I've narrowed it down to the following choices which are all around 18x12 inches unless otherwise stated, which one would you get? Or do you have another one that is better for the same price? I would love a boardsmith but it's out of my price range, =).

John Boos Chop-N-Slice Maple Cutting Board - $35
https://www.amazon.com/dp/B00063QBFE/?tag=skimlinks_replacement-20

John Boos Reversible Maple Cutting Board - $60
https://www.amazon.com/dp/B00063QBDQ/?tag=skimlinks_replacement-20

Shun Hinoki Cutting Board - $60
https://www.amazon.com/dp/B00KXAVCFO/?tag=skimlinks_replacement-20

Kodai Hinoki Cutting Board 20x12 - $80
https://www.cuttingboard.com/hinoki-cutting-board-large-20-x-12-x-1/

Burl & Blade Walnut Cutting Board 16x12 - $65
https://www.amazon.com/dp/B01CHIQQJQ/?tag=skimlinks_replacement-20

Some of my thoughts:
- if I go with one of the John Boos boards, is it worth spending an additional $25 to get the reversible version versus the chop-n-slice? I don't see a big difference.
- similarly, if I go with one of the Hinoki options is it worth spending an additional $20 to get the Kodai one vs the Shun one
- I like how the Burl & Blade Walnut one looks but board seems to be on the smaller end

Thanks!


----------



## zetieum (Jul 11, 2016)

I would go for none on those a get a end-grain, the biggest that fit your kitchen and that you can afford.


----------



## ThEoRy (Jul 11, 2016)

Boardsmith endgrain.


----------



## MAS4T0 (Jul 11, 2016)

My favourite board to cut on is edge grain Acacia, I have end-grain Maple and end-grain Walnut but I always find myself preferring edge grain as the knife edge doesn't sink in.


----------



## monkiboy (Jul 11, 2016)

Lol, if Boardsmith endgrain fits within my budget I would have gotten it already. Unfortunately, it's not.

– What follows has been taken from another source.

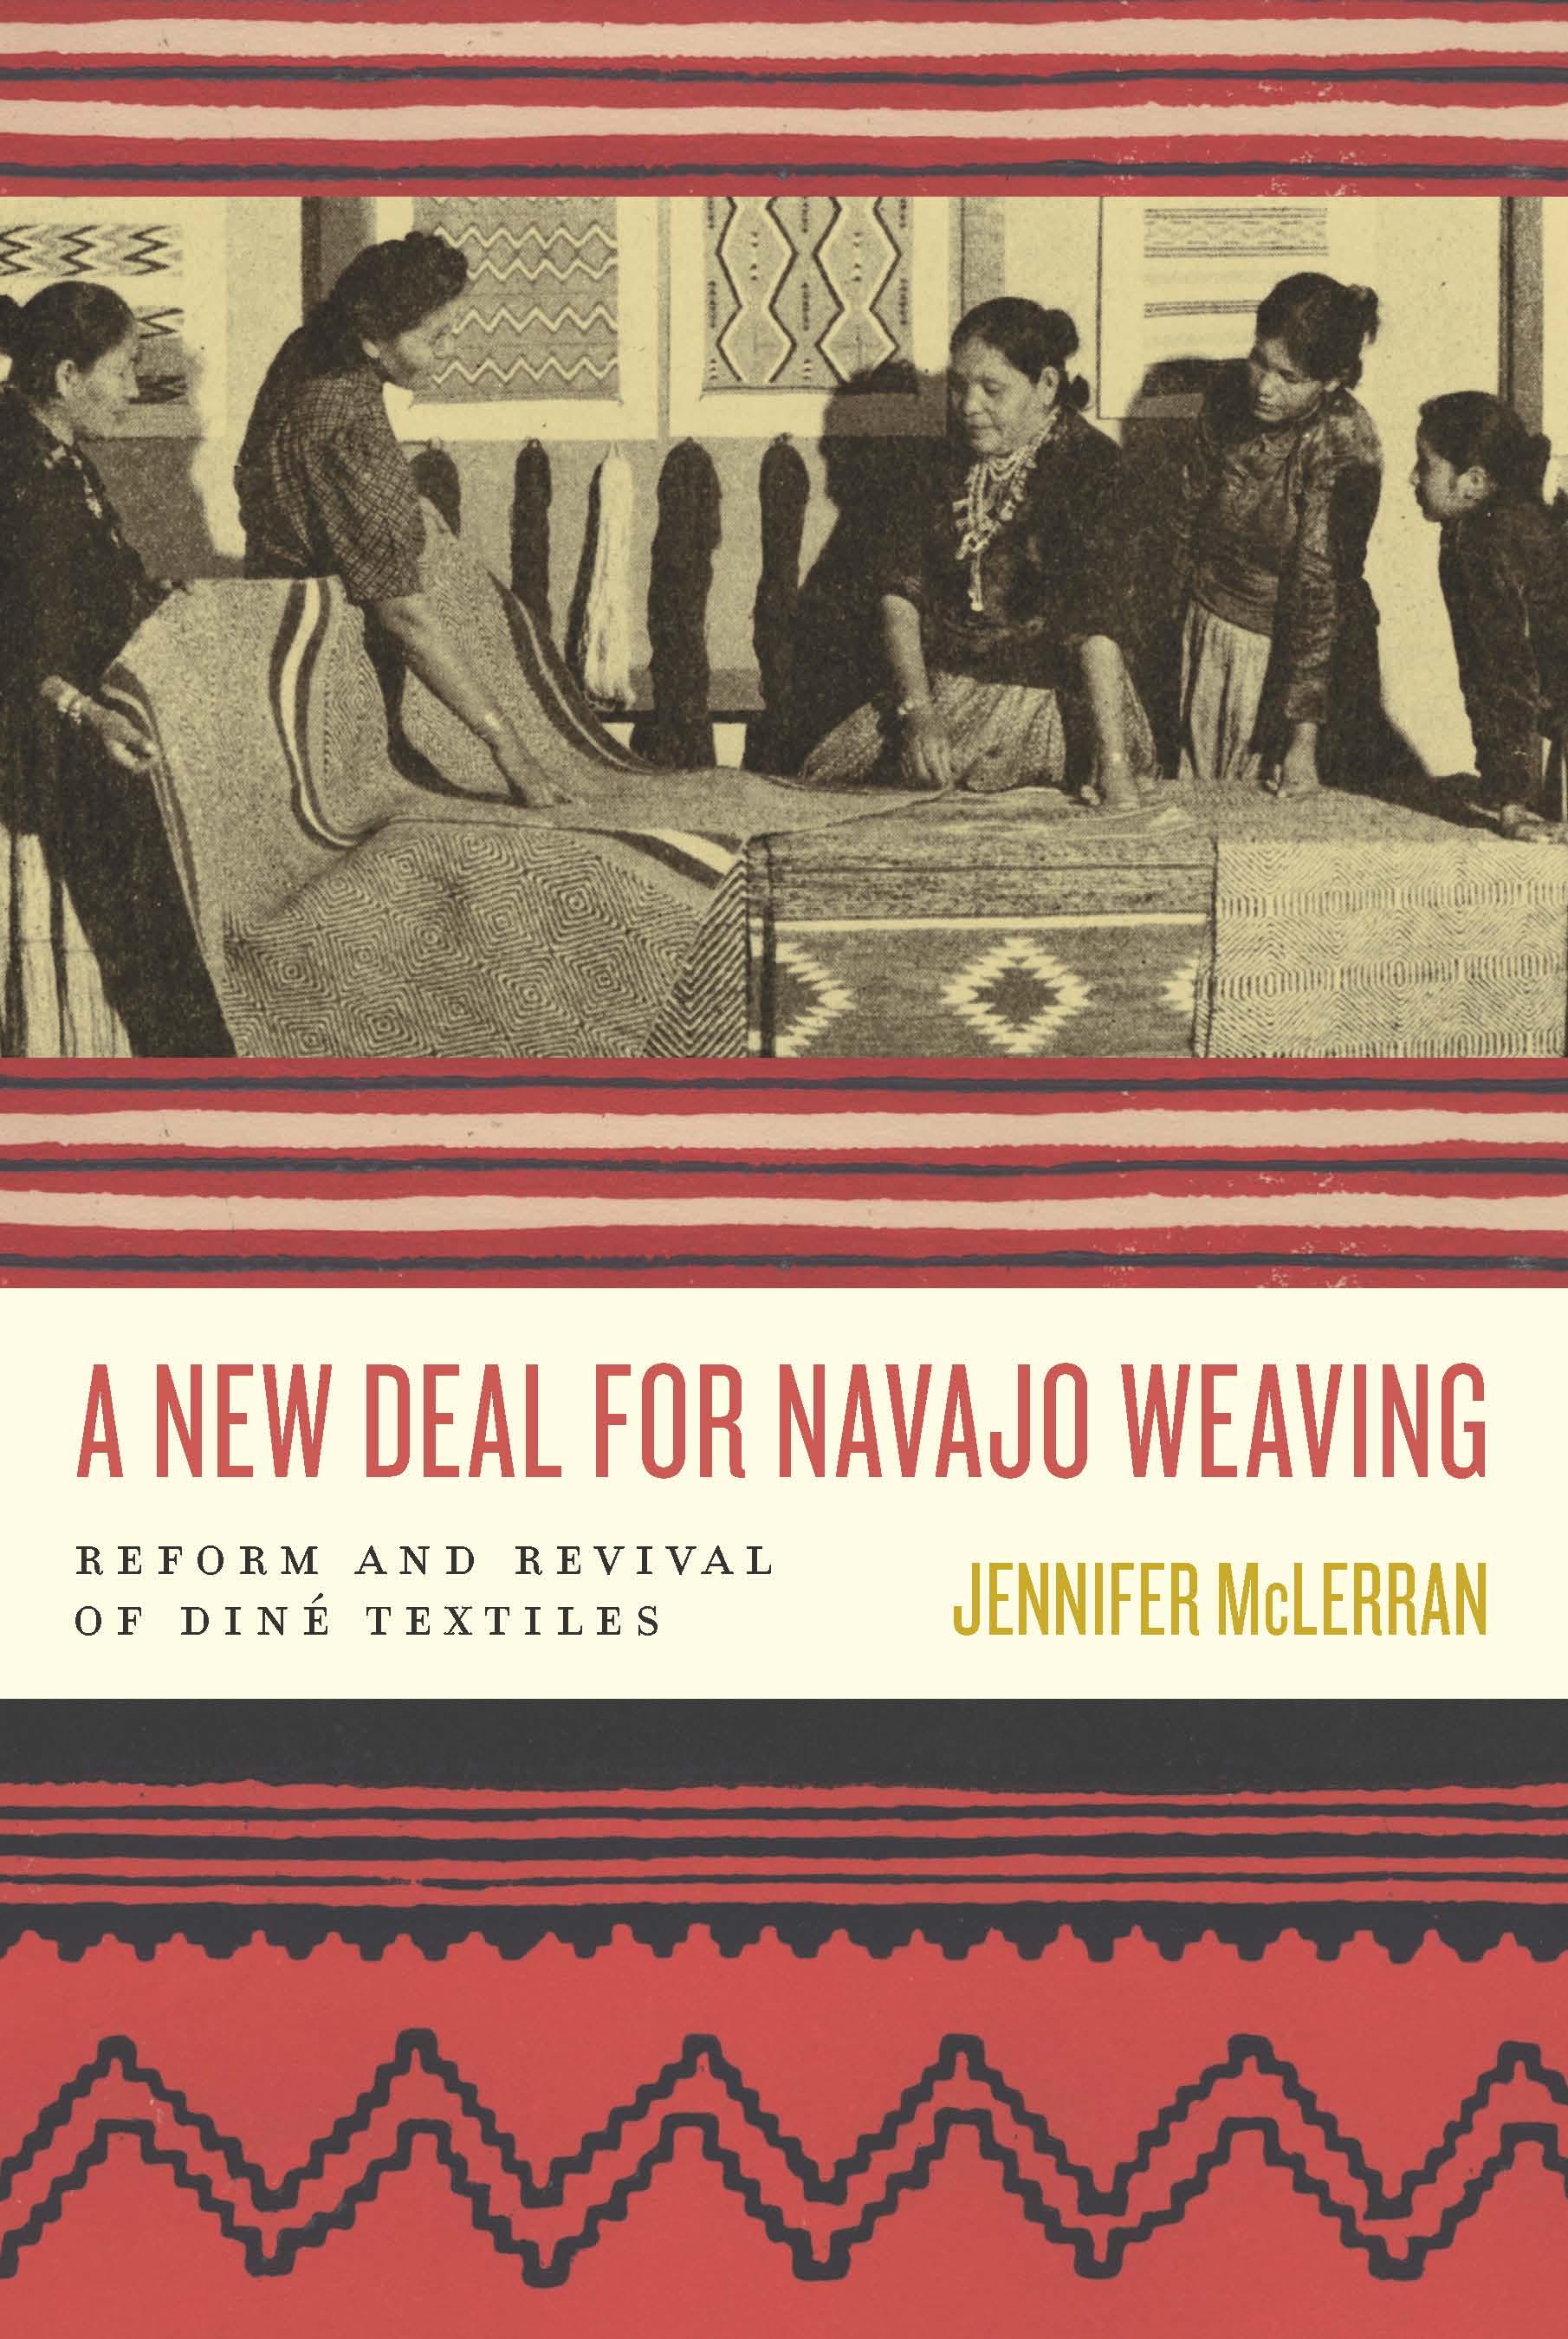 Link to A New Deal for Navajo Weaving : Reform and Revival of Diné Textiles by Jennifer McLerran in the catalog

I also have troubles finding a good endgrain board that is within $70-$80. I feel like at that point I'm better off getting a $50-$60 reputable edge grain board, correct?


----------



## havox07 (Jul 11, 2016)

Sometimes you can find end grain boards are your local costco or sams club. My last board purchase was quite a large 1.75-2in thick end grain maple board, price was like $40.


----------



## daveb (Jul 11, 2016)

Of the boards you cited I would go with the Kodai Hinoki. An inch thick will help reduce warping. "Prime" day is coming soon - you might catch a good deal then.


----------



## TurboScooter (Jul 11, 2016)

monkiboy said:


> I currently don't want to spend too much on a new cutting board but will need to get one with a new Gyuto I'll be getting.
> 
> I've narrowed it down to the following choices which are all around 18x12 inches unless otherwise stated, which one would you get? Or do you have another one that is better for the same price? I would love a boardsmith but it's out of my price range, =).
> 
> ...



I have one of these.
https://www.amazon.com/dp/B00009OWEC/?tag=skimlinks_replacement-20

New it feels like the finish is a little rough - it used to catch on and kind of tear up my cloth when wiping down in use. Now the side that's been used is more smooth and I can wipe it down without that problem, and there's a noticeable texture difference with the side I don't cut on. I'm guessing just hitting it with some fine sandpaper would alleviate the issue. I oiled the crap out of it before I started using it, and it sucked down a pretty good amount.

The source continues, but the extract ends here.